Monday, Dec. 12, 1960
Even the Unsavory
The Apalachin raid was one of the most celebrated in U.S. police history: that spectacular occasion in November 1957 when New York State cops and federal agents picked up 63 high-muck-a-mucks of U.S. crimedom, all from one barbecue pit. That day, big-time hoods from as far away as Arizona and California arrived to roast steaks and toast marshmallows at the secluded estate of a beer distributor and longtime racketeer named Joseph Barbara.
The gathering did indeed seem downright suspicious. And if only the captured guests had been willing to tell the real purpose of their conclave, the policemen's lot would have been a happy one. As it was, many said that they had merely gone to visit the ailing Barbara, who has since died of heart trouble. Two said their car had broken down near by. Another swore that he had come to sell Barbara some fish. Barbara himself said that all the guests had been more or less unexpected --and he just happened to have about 200 pounds of steak on hand.
Convinced that the boys were hiding something, the Justice Department haled the lot of them before grand juries, and at length a U.S. District Court in Manhattan found 20 of them guilty of conspiring to obstruct justice by lying to the grand juries about their reasons for coming to Apalachin.
It was certainly an understandable temptation to throw the whole Apalachin crew into jail on general principles, but to many observers the convictions seemed a dangerous precedent. What the case added up to was legal incredulity at the notion that so many bums had gotten together for any innocent purpose.

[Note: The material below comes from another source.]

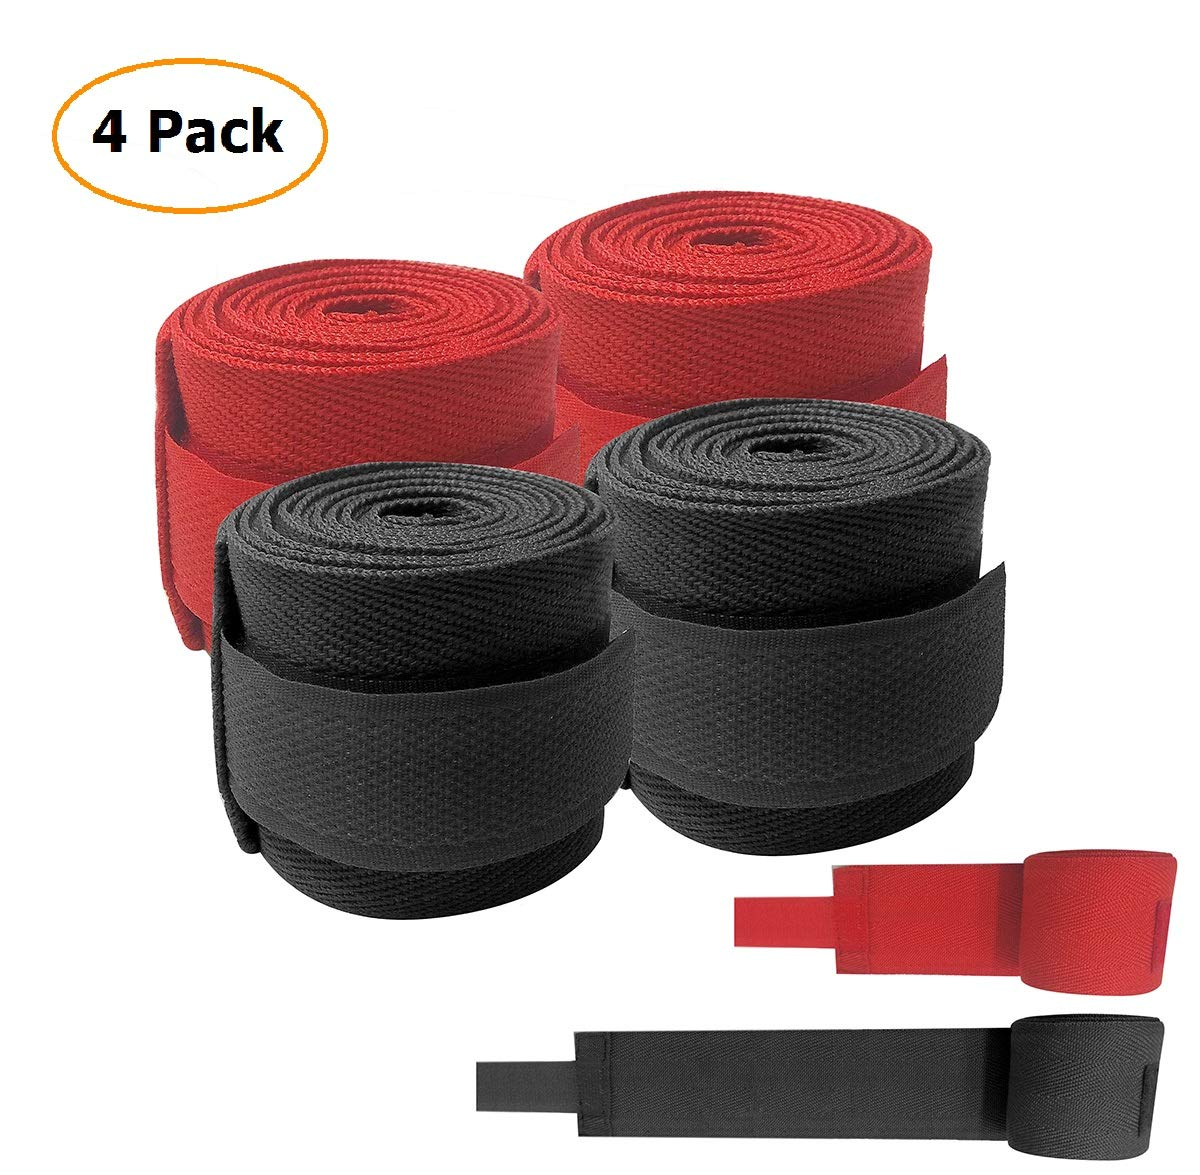 ZOSEN Vendaje de boxeo, muñequeras de algodón para boxeo, Muay Thai Taekwondo Sanda lucha 2,5 metros, 2 pares (negro y rojo)

Last week a U.S. Court of Appeals kicked the Government's case clean back to the barbecue pit: the court, reversing the convictions of the 20 hoods, ordered the charges dismissed. The main point of the unanimous decision by the three judges: Since the Government had not tried to prove that the meeting, in and of itself, violated any state or federal law, how could it prove that the defendants had conspired to lie about their presence there? The Government's "bootstrap" handling of the case, wrote Chief Judge J. Edward Lumbard, was wholly unwarranted. "Bad as many of these alleged conspirators may be, their conviction for a crime which the Government could not prove . . . and on evidence which a jury could not properly assess, cannot be permitted to stand."
Judge Charles E. Clark, in a concurring opinion, had even harsher words for the prosecution. The case, he wrote, suggests that "the administration of the criminal law is in such dire straits that crash meth ods have become a necessity ...
"A prosecution framed on such a doubtful basis should never have been initiated or allowed to proceed so far. For in America we still respect the dignity of the individual, and even an unsavory character is not to be imprisoned except on definite proof of specific crime."